4. Abschließend verbinden wir noch die Hochdruckseite mit der Niederdruckseite über ein Drosselventil. Dadurch können wir die Hochdruckseite sauber von der Neiderdruckseite trennen und gleichzeitig einen kontinuierlichen Kältemittelstrom zwischen Verdampfer und Verflüssiger sicherstellen.
Jakob Perkins brauchte 1834 auch nur genau diese vier Bauteile für seine erste Kältemaschine. Und wir, über 190 Jahre später, brauchen auch nur die gleichen vier Bauteile, um unsere Wärmepumpe zum Laufen zu bringen.
Die Zukunft ist elektrisch
Wenn wir unsere Umweltziele bezüglich des CO2-Austoßes erreichen wollen und Deutschland von den Energieimporten anderer Länder unabhängiger machen wollen, werden wir auf CO2-freie Energiequellen zugreifen müssen, die bei uns sprudeln sollten.
Und das ist aktuell Strom, den wir aus vielen in Deutschland verfügbaren CO2 freien, oder CO2 neutralen Quellen schöpfen können. Die Wärmepumpe benötigt lediglich Strom, um damit das 3- bis 6-fache der eingesetzten Strommenge in CO2-freie Wärme zu wandeln. Und das kann sie je nach Baugröße sowohl für ein einzelnes Wohnhaus, als auch für ein ganzes Stadtquartier oder für große Industrieanlagen. Insofern stellen Wärmepumpen einen zentralen Baustein in der Wärmewende unseres Landes da.

Abb. 3:
Außeneinheit einer Luft-Wasser-Wärmepumpe zur Gebäudebeheizung und Brauchwassererwärmung Mueller felix, Waermepumpe Außeneinheit mit Elekroauto(cropped), CC BY-SA 4.0 Wikipedia Commons gemeinfrei
Mit der Heizung kühlen
Unser Ziel, die globale Erwärmung unsere Atmosphäre unter 1.5K zu halten werden wir verfehlen. Vielleicht, weil wir viel zu spät mit einem Umdenken in unseren Köpfen begonnen haben und auch vergessen haben einen Großteil der Gesellschaft mit auf die Reise zu nehmen. Es wird also bedeutend wärmer werden in den kommenden Sommern.

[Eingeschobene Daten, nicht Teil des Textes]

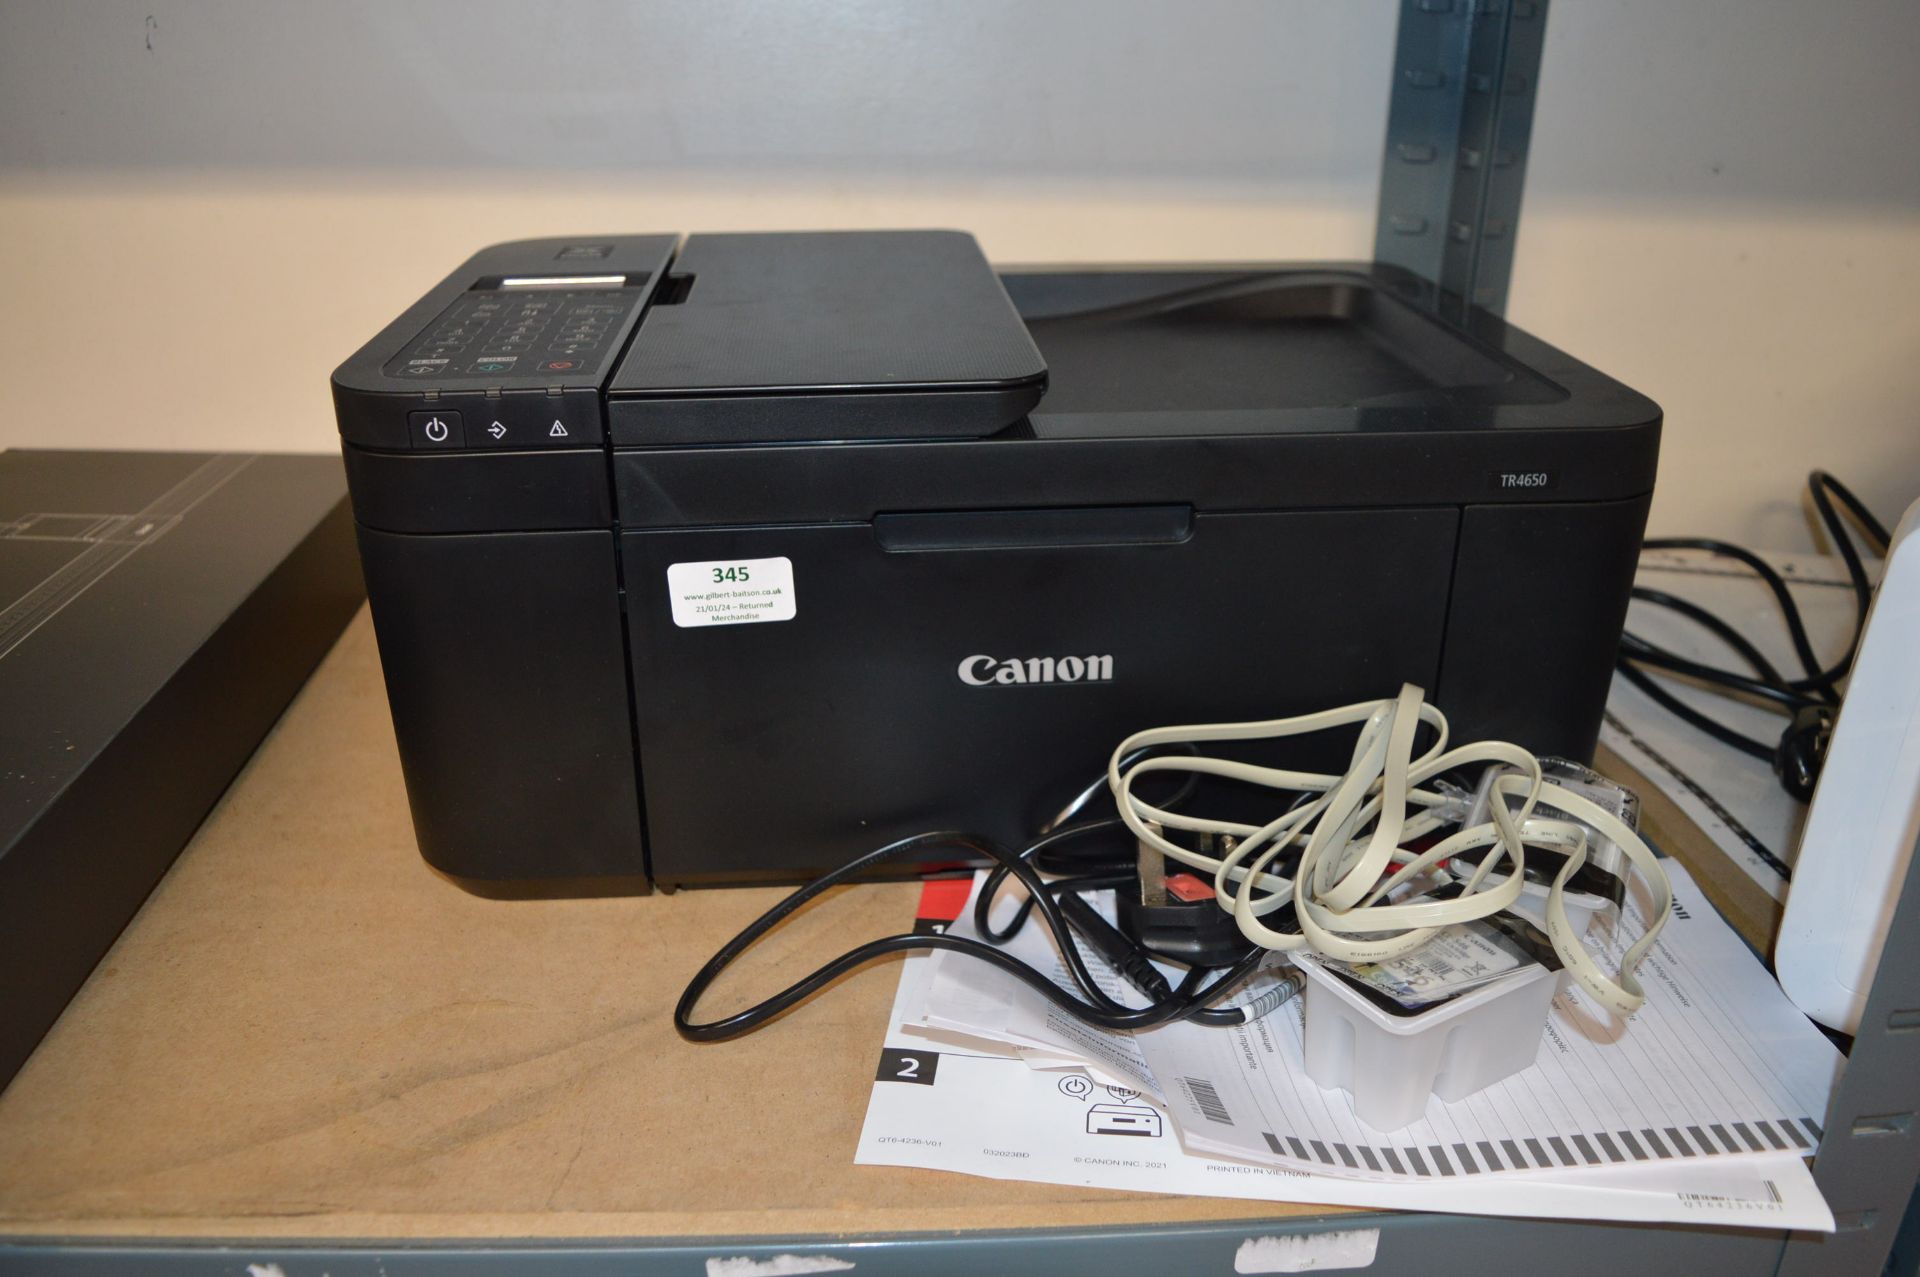 *Canon TR4650 Printer

Unsere Wohnungen und Arbeitsplätze werden wir dann aber leider nicht durch Gas- und Ölbrenner kühlen können. Wer sich aber daran erinnert, dass Wärmepumpen Wärme von einem Ort zu einem anderen Ort pumpen können, wird schnell auf Idee kommen, im Sommer die Wärme aus dem Haus in die Umgebung zu pumpen, quasi ein überdimensionierter Kühlschrank. Was im Übrigen aus eigener Erfahrung sehr gut und bei Sonne und PV-Strom, CO2-neutral und kostenfrei funktioniert.